Во франко-советских отношениях так бывало не раз. Может это уже во что-то перерасти? Представьте себе мощный автомобиль. Водитель заводит двигатель, но, как только он выжимает сцепление, двигатель глохнет. В тот день, когда Литвинов встречался с Фланденом, посол Ноэль прислал телеграмму, содержание которой не могло порадовать. Хотя Бек пытался скрыть свои взгляды, писал посол, «после каждой встречи с представителями гитлеровского государства Бек становился все больше расположеным к Германии, все больше убеждался в том, какое это мощное государство, какое у него будущее, и все больше восхищался режимом, который оно поддерживает.
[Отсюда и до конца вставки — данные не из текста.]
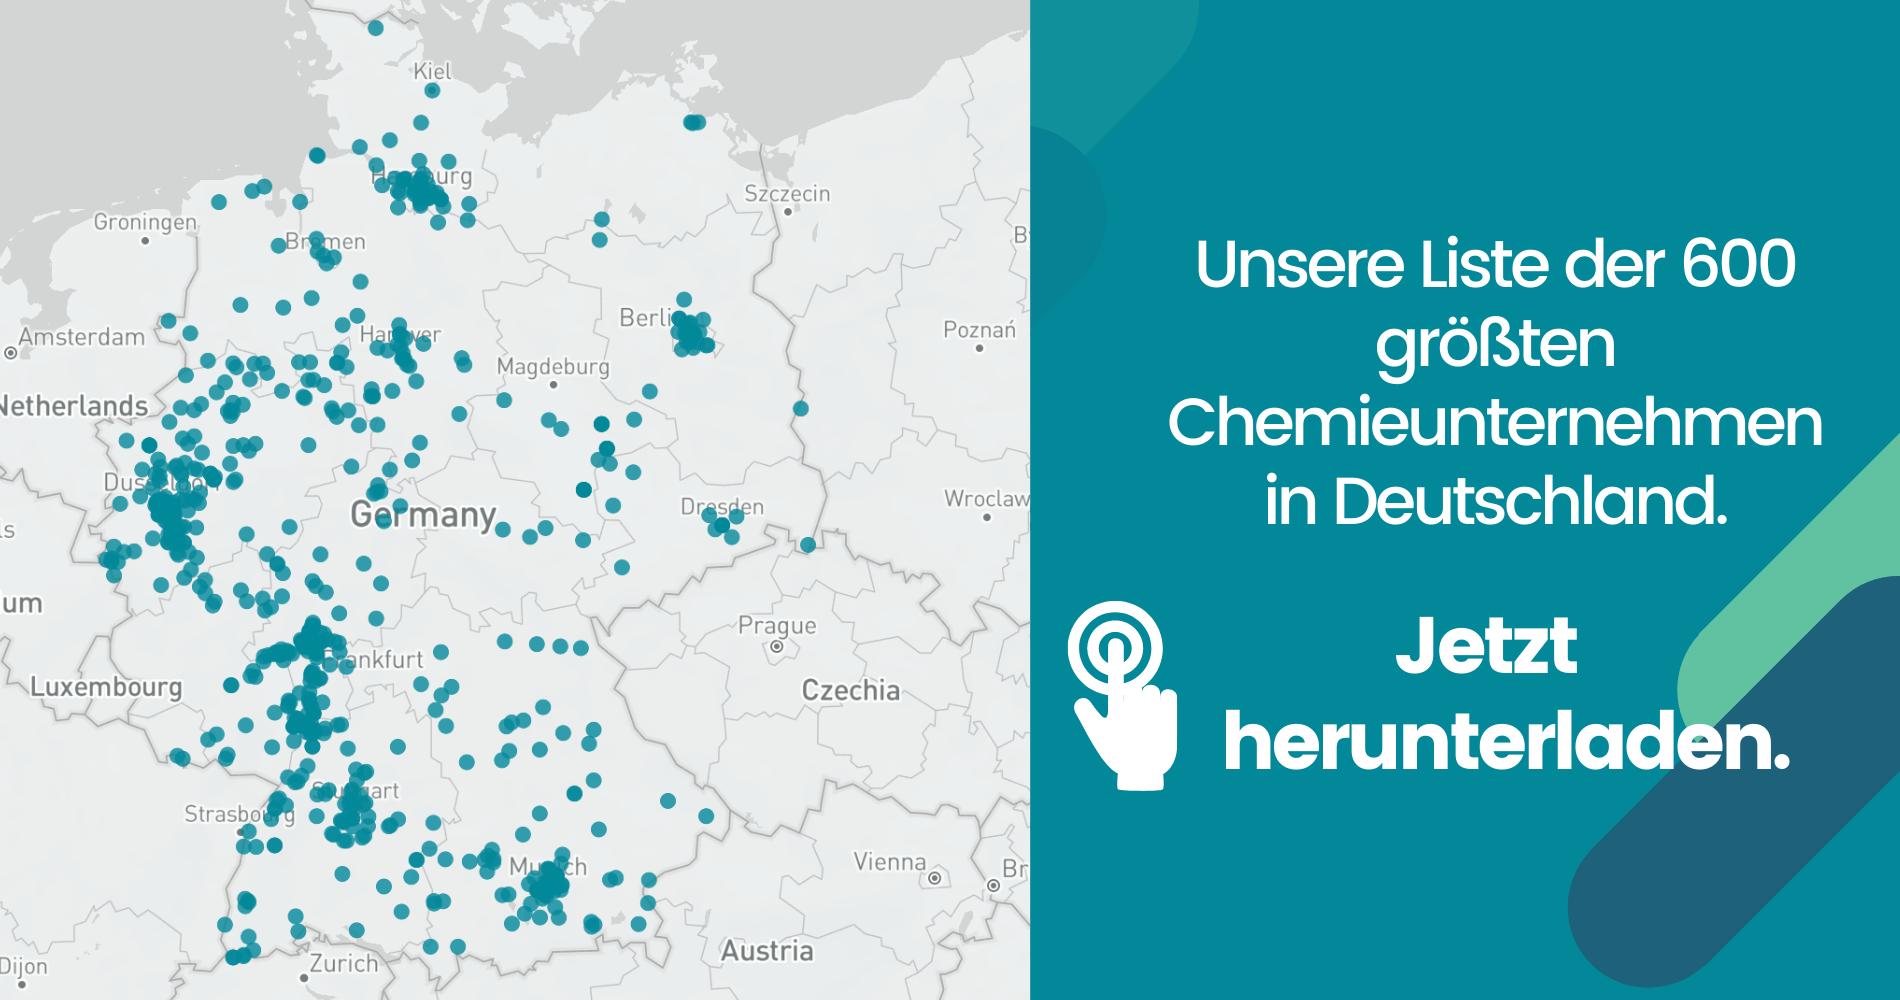 Westfalen AG: Umsatzentwicklung seit 2015

Одним словом, Бек считает, что надо делать ставку на Германию, как раз тогда, когда польская армия и общественность, обеспокоенные перевооружением и политическими действиями Рейха, стремятся сблизиться с Францией»[1243]. Читатели, возможно, помнят, что сказал полковник Ковалевский Виноградову в Бухаресте всего несколько месяцев назад. Это полностью соответствует анализу Ноэля.
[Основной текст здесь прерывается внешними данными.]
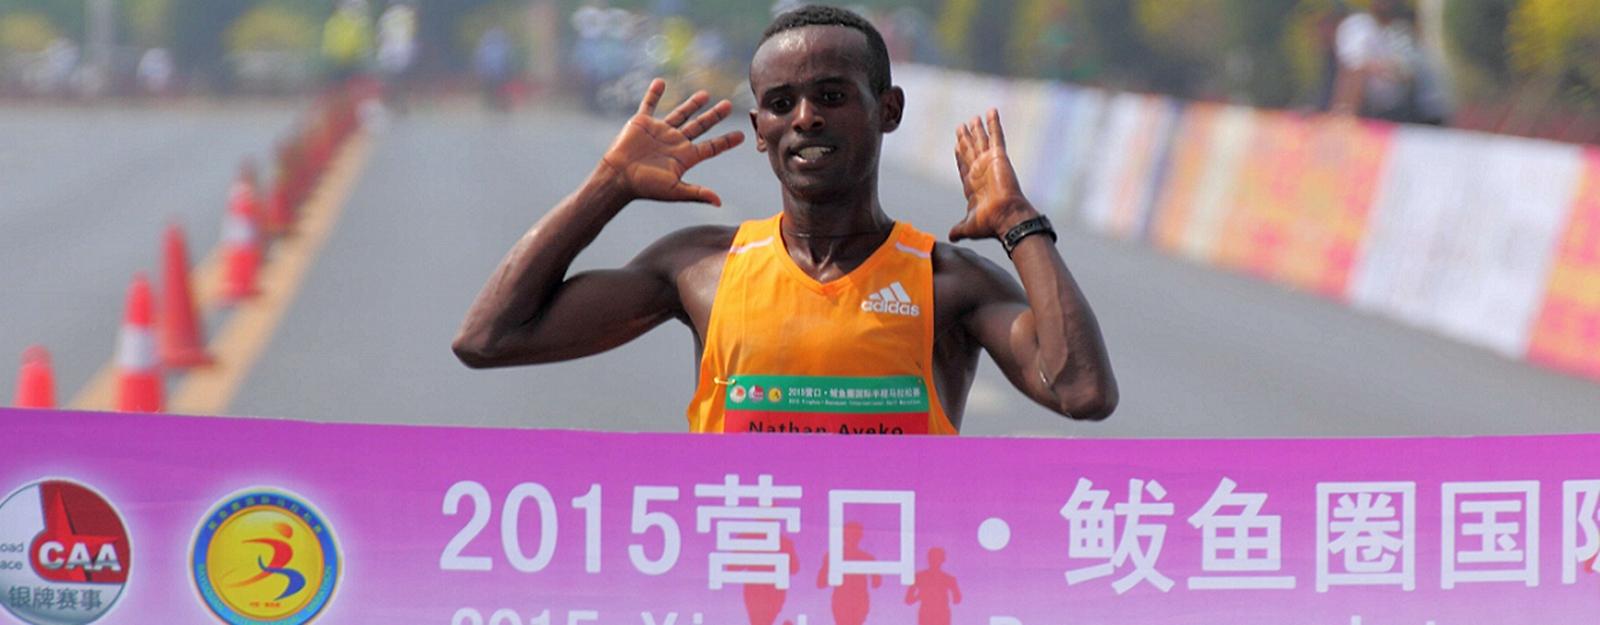 精彩鲅马|2015营口·鲅鱼圈国际半程马拉松赛

Альфан встретился с Литвиновым после его возвращения из Парижа. По словам посла, нарком был очень доволен тем, как его принял Фланден. Это и понятно, судя по записям Потемкина. Если франко-советский пакт будет быстро ратифицирован, то тогда можно будет заключить румынско-советский пакт, и это «значительно изменит текущую дипломатическую ситуацию в мирную сторону ради общего блага»[1244]. Двигатель завелся и заглох. Оптимизм Литвинова скоро пошел на спад.
Кампания за ратификацию
В Париже Потемкин работал сутки напролет, чтобы продвинуть ратификацию. На обеде в посольстве он поговорил с теми, кто выступал в поддержку пакта. Присутствовал даже Титулеску. Дельбос спросил Поля Бастида, радикал-социалиста и председателя Комитета по иностранным делам в Палате депутатов, чем, по его мнению, окончатся дебаты. Дискуссия может стать очень горячей, ответил Бастид, но «за» должны проголосовать «по крайней мере 400 человек», то есть подавляющее большинство. Важно, чтобы в дебатах участвовал Эррио. Все присутствующие согласились[1245].
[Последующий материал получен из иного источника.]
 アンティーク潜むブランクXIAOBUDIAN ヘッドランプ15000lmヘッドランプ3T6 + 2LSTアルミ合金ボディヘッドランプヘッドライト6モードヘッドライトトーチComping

8 февраля Потемкин встретился с Фланденом, чтобы обсудить голосование по вопросу ратификации. Фланден сообщил, что дебаты, вероятно, начнутся 13 февраля, а не 11-го, как было запланировано, и будет много выступающих. Оппозиция решила дать отпор. Фланден перечислил их аргументы. Правые хотели остановить усиление сближения с СССР, это было их главной целью. Они предпочитали заключить союз с нацистской Германией, оперируя следующим аргументом: «Без соглашения с Германией невозможно обеспечить мир в Европе. Между тем ратификация франко-советского пакта отбрасывает Германию от Франции и обрекает ее на изоляцию, могущую иметь опасные последствия». Что касается предпочтений, большинство французских правых поддерживали нацистскую Германию. Ратификация пакта привела бы к созданию франко-советского военного союза, а он, в свою очередь привел бы к созданию противодействующих союзов и к войне. Это, разумеется, привело бы к росту «революционного движения» во Франции и к «укреплению Народного фронта». Как уже предупреждал Потемкин, правые собирались попытаться привязать ратификацию к выплате старых царских долгов. Урегулировать этот вопрос надо было сейчас или никогда. И наконец последним аргументом стало то, что если Германия нападет на Францию, то о советской помощи останется только мечтать, «ибо во-первых, СССР отделен от Германии территориями соседних государств, и, во-вторых, Красная армия, достаточно подготовленная для оборонительных операций, едва ли может быть использована для наступления по иноземной территории».